Perawatan tali pusat yang baik dan benar akan menimbulkan dampak yang
positif yaitu tali pusat akan puput pada hari ke-5 dan ke-7 tanpa ada
komplikasi. Perawatan tali pusat yang tidak baik menyebabkan tali pusat
menjadi lama lepas. Risiko bila tali pusat lama lepas adalah terjadinya infeksi
tali pusat dan Tetanus Neonatorum. Spora kuman Clostridium tetani masuk
ke dalam tubuh bayi melalui tali pusat yang dapat terjadi pada saat
pemotongan tali pusat ketika bayi lahir maupun pada saat perawatannya
sebelum puput (terlepasnya tali pusat).
Cara perawatan tali pusat dan puntung tali pusat pada masa segera setelah
persalinan berbeda-beda, bergantung pada faktor sosial, budaya, dan geografis.
Kebersihan tali pusat sangat penting.
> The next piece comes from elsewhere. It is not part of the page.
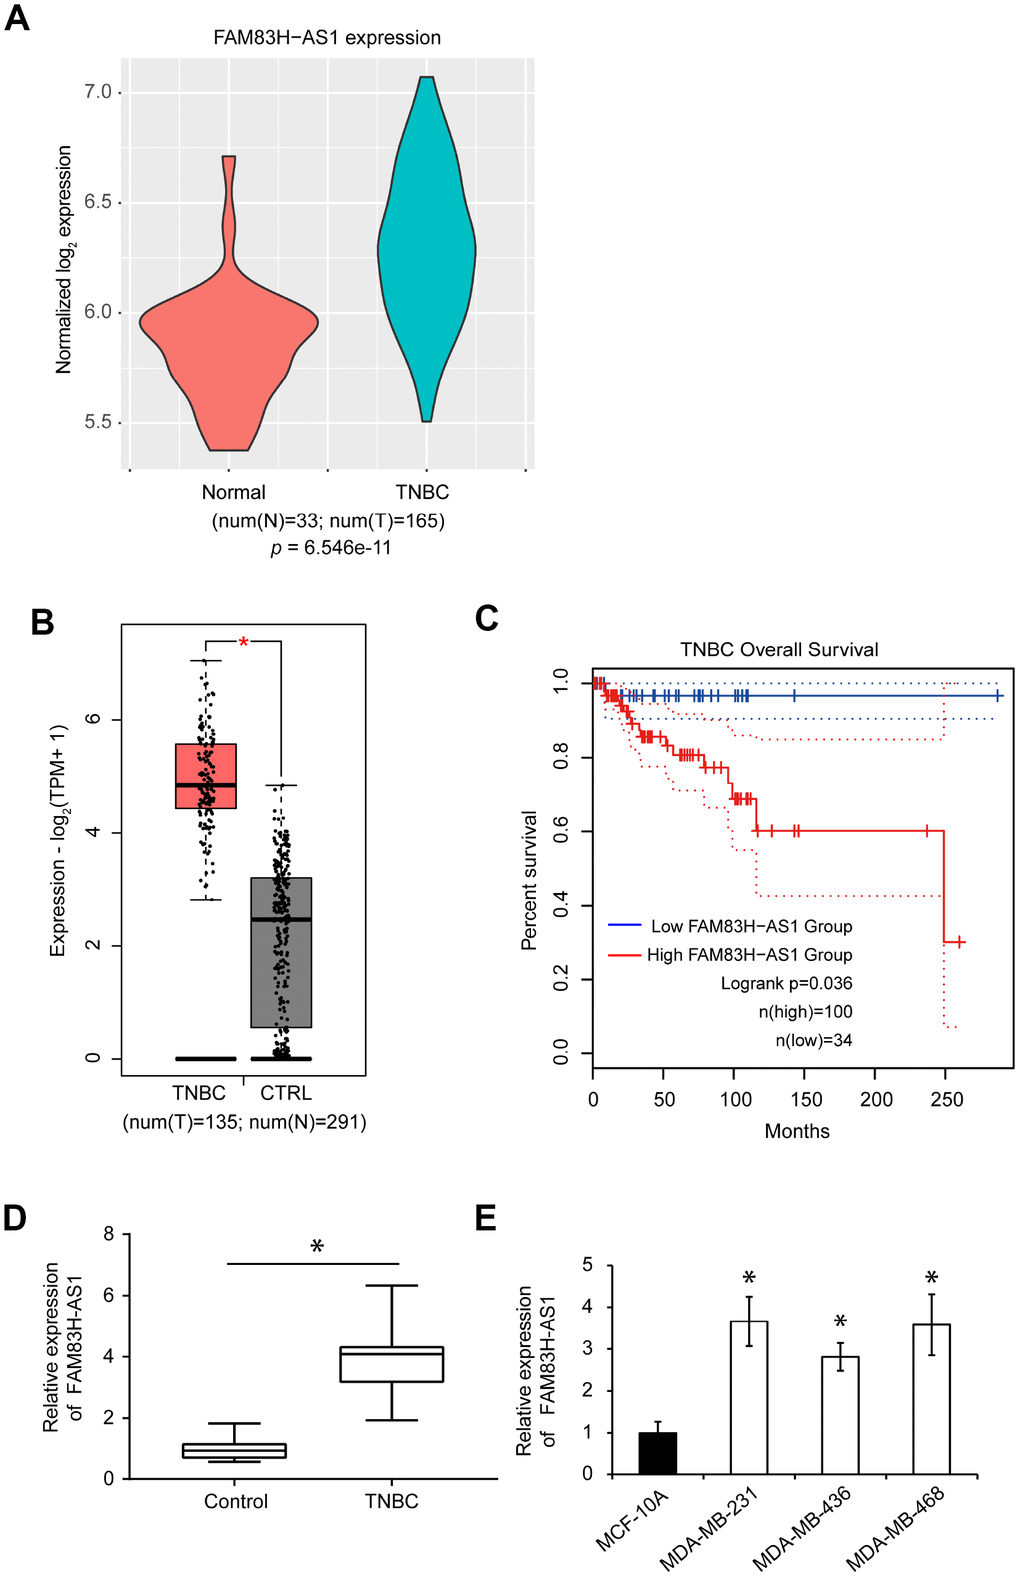 FAM83H-AS1 is upregulated in TNBC tissues and predicts worse overall survival. (A) Expression profiles of FAM83H-AS1 in TNBC and normal breast tissues using the human lncRNA microarray dataset GSE76250. The p value was calculated by Wilcoxon rank-sum test. (B) Expression profiles of FAM83H-AS1 in TNBC and normal breast tissues using the GEPIA 2 dataset. (C) Overall survival rates in low and high FAM83H-AS1 expression groups in TNBC patients using the GEPIA2 dataset. (D) qRT-PCR of FAM83H-AS1 expression in human TNBC and adjacent control tissues. (E) qRT-PCR of FAM83H-AS1 mRNA in MDA-MB-231, MDA-MB-436, MDA-MB-468, and MCF-10A cells.

Mencuci tangan perlu dilakukan sebelum
dan setelah merawat tali pusat. Tidak ada perawatan tali pusat khusus yang harus
dilakukan, meskipun banyak variasi cara yang dilakukan untuk mempermudah
pemisahan lebih awal. Namun, harus diperhatikan penggunaan topikal dapat
mengganggu proses normal kolonisasi dan memperlambat pemisahan tali pusat.
Membersihkan dengan air biasa dan menjaga tali pusat tetap kering terbukti
mempercepat pemisahan. Disarankan untuk memastikan tali pusat tidak tertutup
popok karena dapat terkontaminasi oleh urine dan feses.